Orthogonal wrote:I'm not going to get into human consciousness, there is just way too much speculation and we don't have enough data to really scratch the surface here.
Aristarchus wrote:It does appear that one could argue that there is a development of consciousness acting upon Homo sapien sapiens to manifest within an environment that has been cultivated to nurture this kind of social evolution. I could explain this further, but I really need to know where you're taking your argument.
In my view the kind of social evolution that takes place on the human scale does offer a unique role for the latter in the Animal Kingdom.
JaJa wrote:The fact that human beings 'think' they have rule over the world because they control the food chain, technology and other species on the planet they have placed themselves "top of the metaphorical evolutionary tree" by default. This is not a subjective assertion - it is an objective fact. Do I think humans deserve to be in this position - no.
Orthogonal wrote:Maybe we can agree to describe it this way.
Objective Fact: Humans are the most dominant species on the planet.

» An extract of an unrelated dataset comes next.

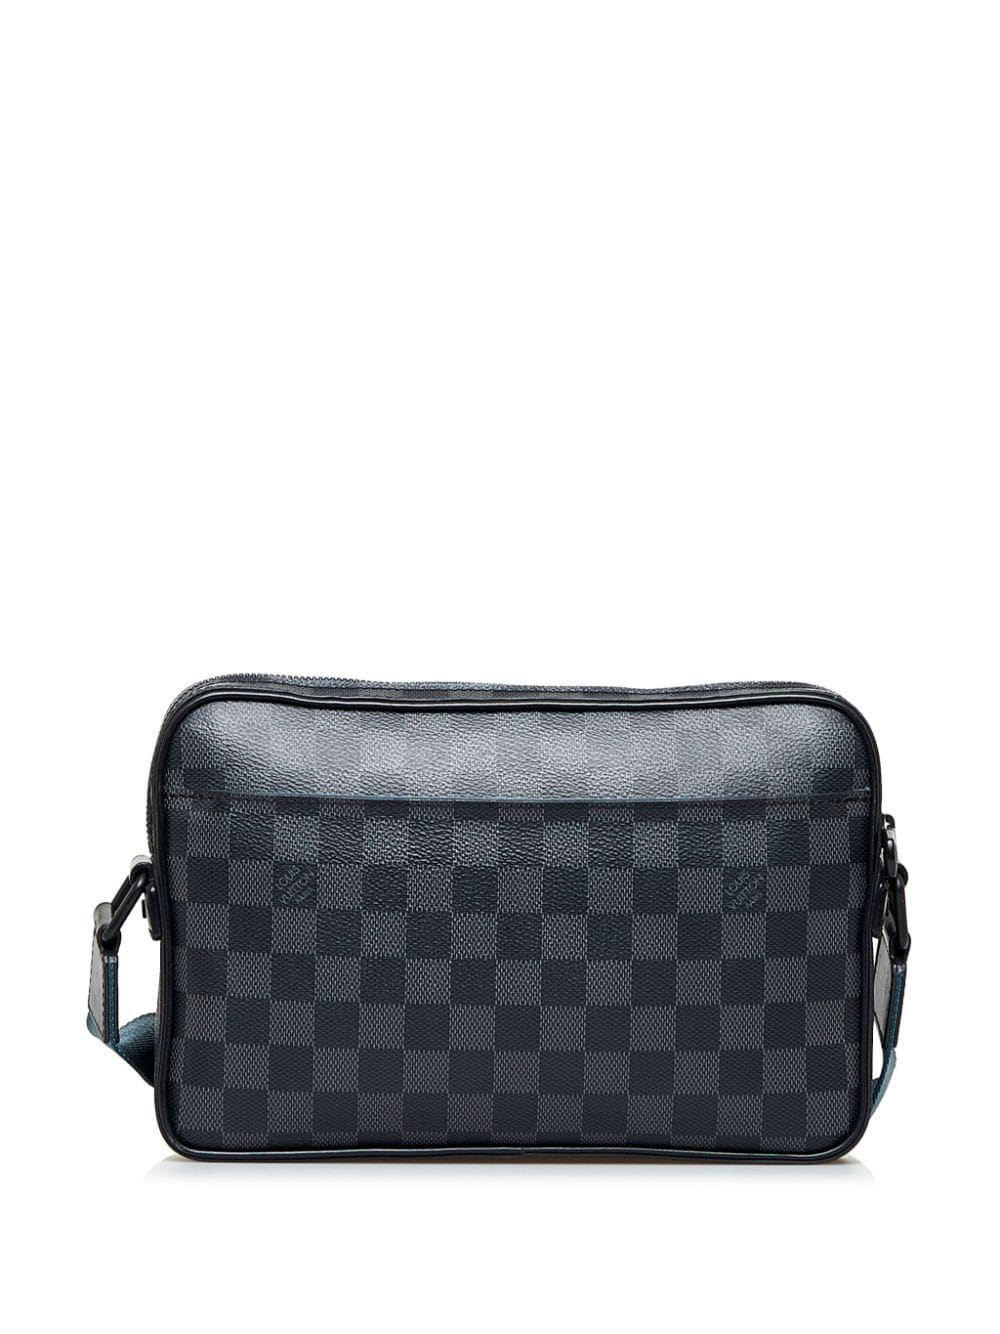 Louis Vuitton 2019 pre-owned Alpha messenger bag - Zwart

Subjective Assertion: Humans are the most evolutionarily advanced species.
Seasmith wrote:Elaborate for me what you are thinking when you declare that "light" is the organizing factor behind DNA. Let me phrase the question thus: What is it about light that asserts, provokes, or otherwise dictates the specific ordering of DNA? Or perhaps like this: What is informational about light action upon DNA [in the natural sense, not the laboratory laser sense
webolife wrote:That quote was from me, not seasmith. I'd be happy to receive a pm from you JaJa.
webolife wrote:JaJa,
Elaborate for me what you are thinking when you declare that "light" is the organizing factor behind DNA. Let me phrase the question thus: What is it about light that asserts, provokes, or otherwise dictates the specific ordering of DNA? Or perhaps like this: What is informational about light action upon DNA [in the natural sense, not the laboratory laser sense]?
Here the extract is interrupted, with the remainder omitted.